The stain removal performance was evaluated by measuring the stain before and after treatment using an Ultrascan XE Spectrophotometer, from HunterLab.

The Following Results were Obtained:

	Dash	Dash	Dash	Dash
	liquid	liquid + A	liquid + B	liquid + C
blueberry juice	49	53	53	61
peach juice	74	76	76	77
grass	53	56	58	58
tea	59	63	65	67
wine	64	66	67	70
ketchup	76	76	75	76
cocoa	50	52	54	53
chocolate	68	70	70	71
salad dressing/pigment (cot)	62	65	66	67
mayonnaise/chlorophyll (cot)	71	72	72	72
olive oil/carbon black (cot)	26	26	27	27
lipstick (cot)	42	43	45	48
make up (cot)	72	74	74	77
lipstick (p/c)	39	39	40	42
make up (p/c)	70	71	73	70
skin grease/pigment (cot)	65	68	66	68
skin grease/pigment (p/c)	65	71	71	73
spaghetti sauce with meat	71	71	71	72
(cot)
motor oil/pigment (cot)	58	64	61	62
motor oil/pigment (p/c)	59	59	61	60

Claims

1. A structured detergent composition comprising a bleach component wherein the bleach component has a particle size of less than 150 μm.

2. A composition according to claim 1, wherein the bleach component is a bleach or a bleach activator.

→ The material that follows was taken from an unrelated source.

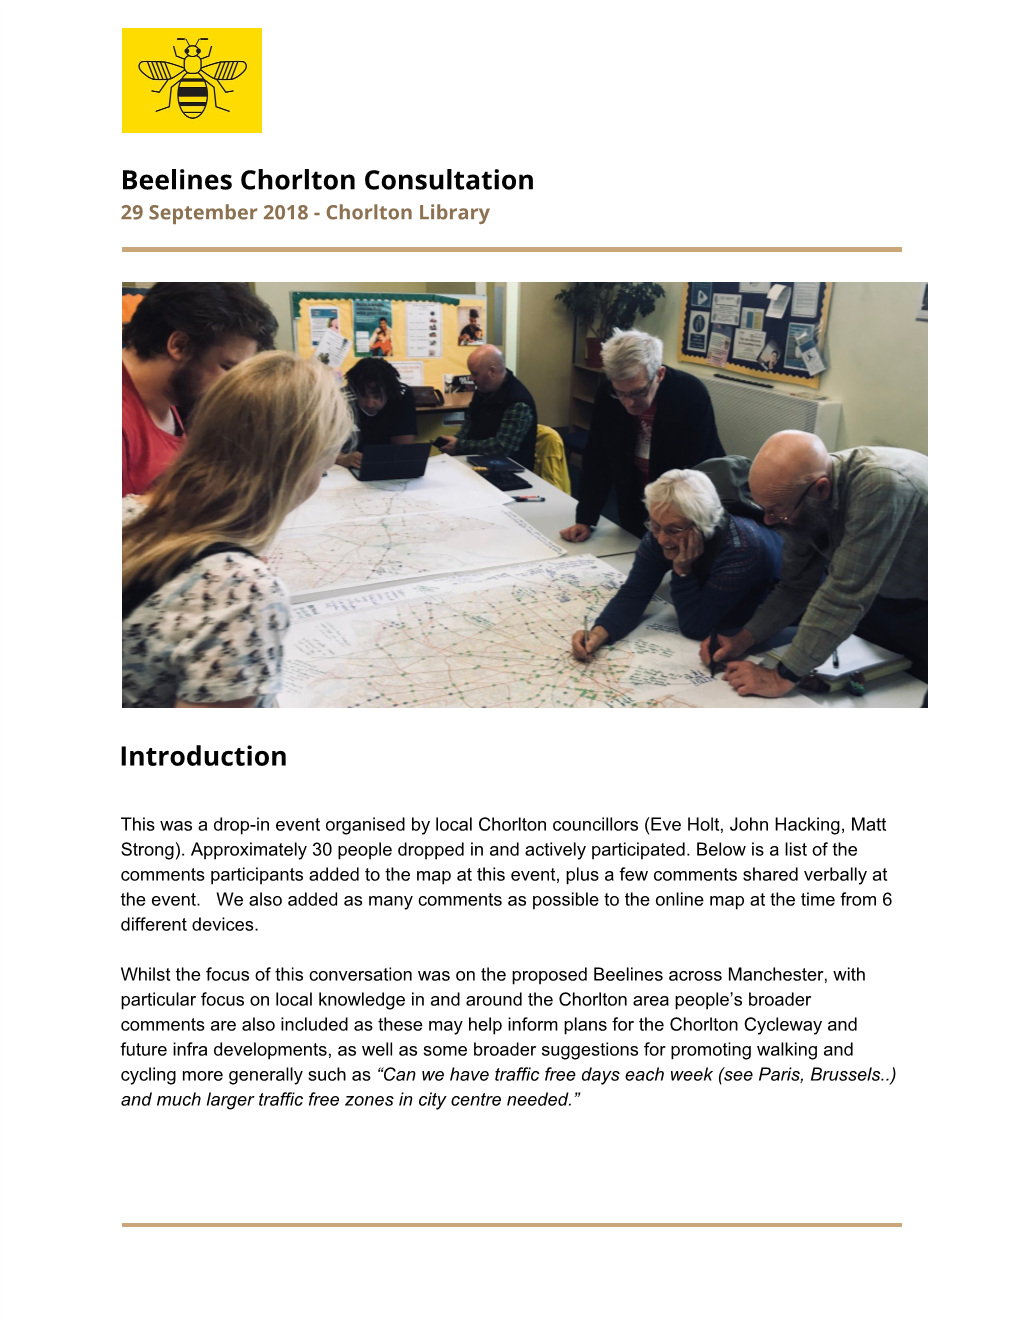 Beelines Chorlton Consultation Introduction

3. A composition according to claim 2, wherein the composition comprises up to 20 wt % of bleach.

4. A composition according to claim 3, wherein the bleach comprises PAP (phthalimidoperhexanoic acid)

5. A composition according to claim 2, wherein the composition comprises up to 20 wt % amount of bleach activator.

6. A composition according to claim 5, wherein the bleach activator comprises DOBA (deconoyloxy benzoic acid).

7. A composition according to claim 5, wherein the bleach activator comprises TAED.

8. A composition according to claim 1, wherein the composition is in the form of a single composition or a composition packaged in a single container.

9. A composition according to claim 1, wherein the composition comprises a plurality of individual portions.

10. A washing process comprising the step of: utilizing a composition according to claim 1.

11. A washing process according to claim 10, wherein clothes are treated.

12. A washing process according to claim 10, wherein hard surfaces are treated.